Hand tracking-based behavior classification method.

A hand tracking-based action classification device for determining a non-face-to-face user's action based on a hand image of the user using non-face-to-face content,
Memory; and
a processor coupled with the memory and configured to execute computer readable instructions contained in the memory;
The at least one processor,
Obtaining an image of a non-face-to-face user;
Based on a pre-learned behavior classification algorithm, detecting a hand region of the non-face-to-face user image and classifying the behavior of the non-face-to-face user; and
Based on the action classification result, it is set to perform an operation of determining whether the non-face-to-face user uses a non-allowed object
A hand tracking-based behavior classification device.

17. The method of claim 16,
The operation of classifying the behavior of the non-face-to-face user,
An operation of detecting a hand region image and hand keypoint information based on the acquired non-face-to-face user image, and
Based on the hand region image and the hand keypoint information, detecting an object in the hand region and a posture of the hand, and classifying the action of the non-face-to-face user,
A hand tracking-based behavior classification device.

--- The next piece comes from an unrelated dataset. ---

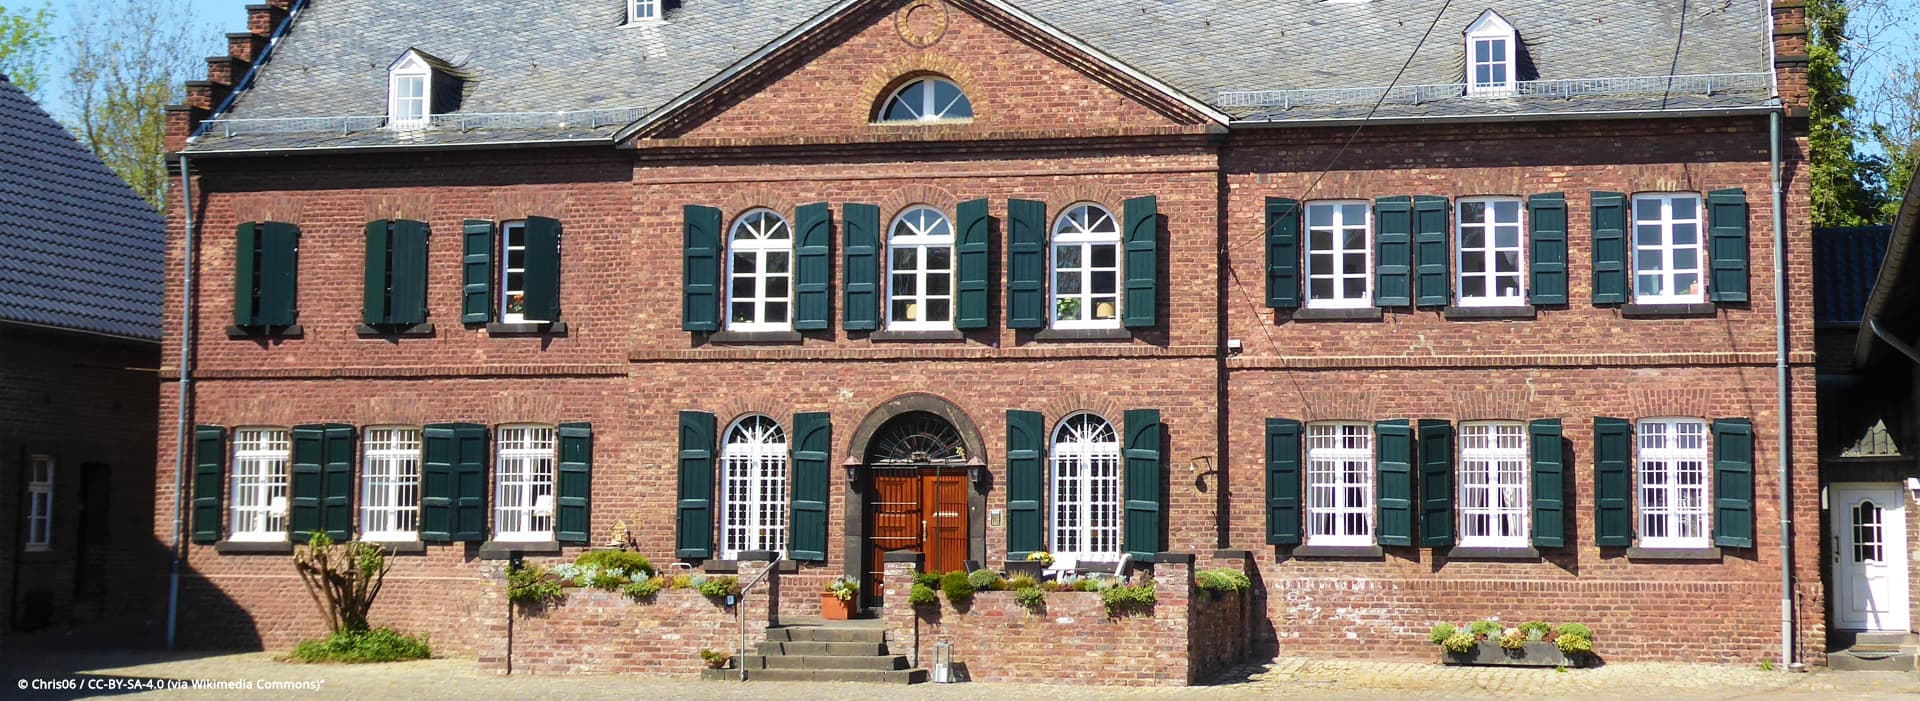 Widdersdorf Hofanlage Burghof

17. The method of claim 16,
The pre-learned behavior classification algorithm,
When the non-face-to-face user image is input, the ROI image of the entire hand region and hand keypoint information detected based on the non-face-to-face user image are queried as input, and the action mapped to the object in the hand region and the posture of the hand A learning model learned to output whether or not to use a disallowed object according to the class,
A hand tracking-based behavior classification device.

17. The method of claim 16,
The at least one processor,
When it is determined that the non-face-to-face user uses a disallowed object based on the non-face-to-face user's action classification result based on the hand region image and the hand keypoint information, the non-face-to-face user's gaze direction is the direction of the hand an operation to determine whether the location is facing, and
When the non-face-to-face user's gaze direction is toward the hand position, further determining that the non-face-to-face user is using a non-allowed object is further performed,
A hand tracking-based behavior classification device.

17. The method of claim 16,
The operation of determining whether the non-face-to-face user uses a non-allowed object,
Based on the non-face-to-face user's action classification result based on the hand region image and the hand keypoint information and the gaze direction of the non-face-to-face user based on the face region image and face keypoint information, the non-face-to-face user Further comprising the operation of determining whether to use a non-permissible object of
A hand tracking-based behavior classification device.